Canon ip5200 ink usage question

Andvari

Senior member
Jan 22, 2003
612
0
0
My Canon ip5200 printer is only several months old. I've printed a couple of pictures when I first got the printer, and since then have only printed text documents.

The printer uses five different ink cartridges. One of them is a dedicated black cartridge for text printing. So when I print text, I select grayscale text printing and would assume it would use only the dedicated black ink.

http://www.auburn.edu/~goldema/print.JPG

But my cyan ink has also run low along with the dedicated black. I just replaced them both, as you can see in the pic. But why would the cyan ink be running out if I am grayscale printing text? :confused:
 

Lord Evermore

Diamond Member
Oct 10, 1999
9,558
0
76
The conspiracy to make people buy more ink strikes again!

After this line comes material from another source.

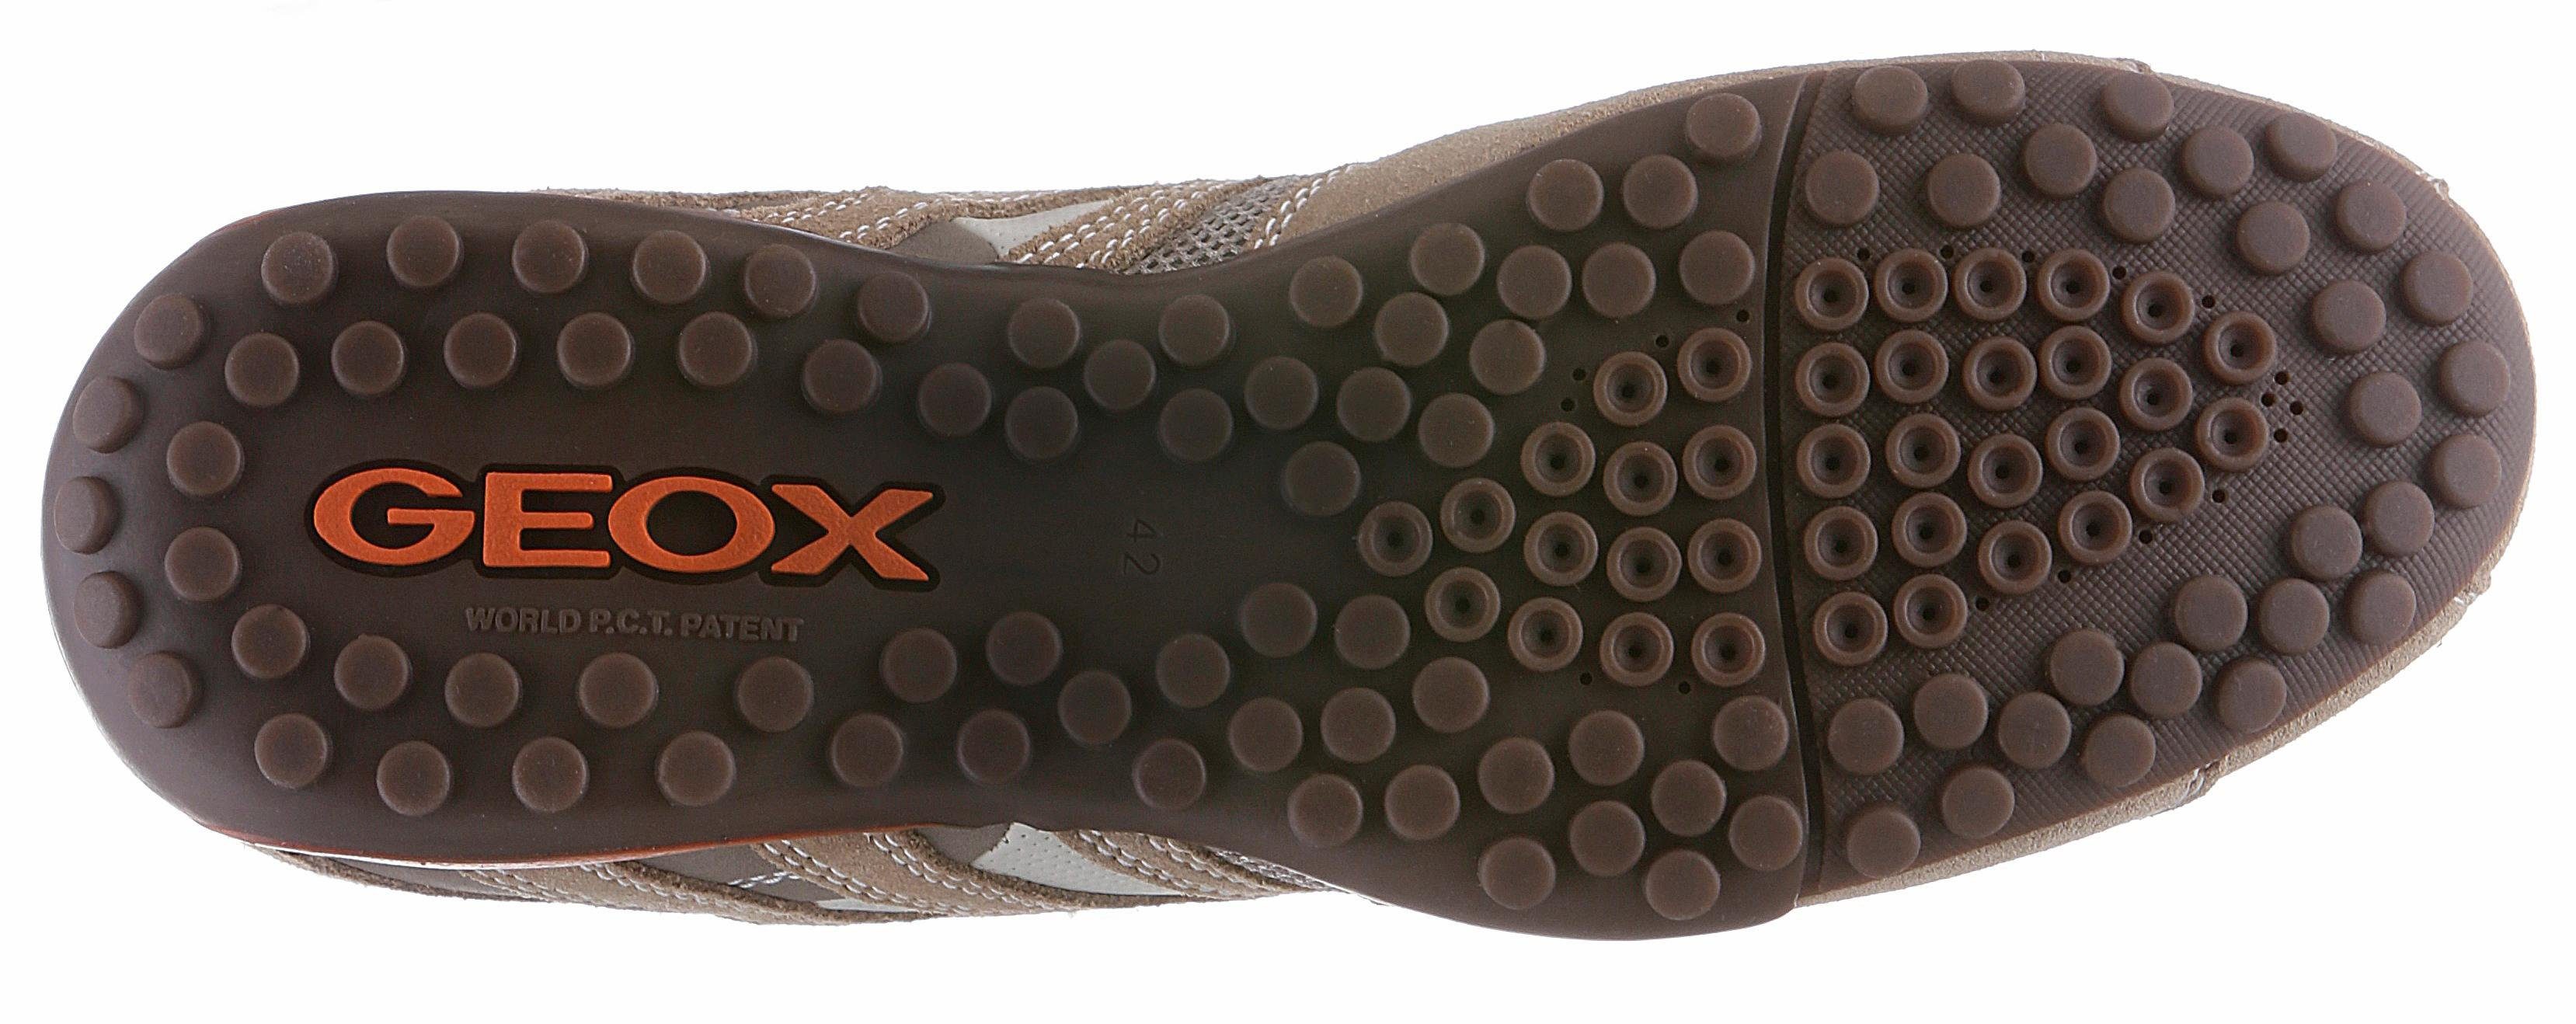 Geox Snake Membrane Sneaker Spezial beige mit Materialmix Geox im

I say ask Canon. It very well could be some sort of mumbo-jumbo about using the cyan to "optimize the print quality" when printing in greyscale. Might go through all the settings available in the drivers to see if maybe something stands out.

If you print from an application that's only got the fonts set to black, you should only end up using black ink there too, so no need to necessarily set greyscale, but of course if you print from something with various colors that doesn't work.

It seems like you might be better of letting the stupid thing print in color. You sure you didn't just print a whole lot of color pages that happened to use a lot more cyan than the other colors?
 

oynaz

Platinum Member
May 14, 2003
2,449
3
81
The price for black ink and coloured ink for the IP5200 is the same (in Denmark, at least), so I doubt it is a nefarious trick from Canon.

On the same note, why print in greyscale if the price for colour prints is the same?

 

Andvari

Senior member
Jan 22, 2003
612
0
0
I was talking about text. Black text. If there is color that I want to print, then I don't print in grayscale. I've been selecting grayscale as a means of trying to "force" it to use all black, since it seems to not be doing that.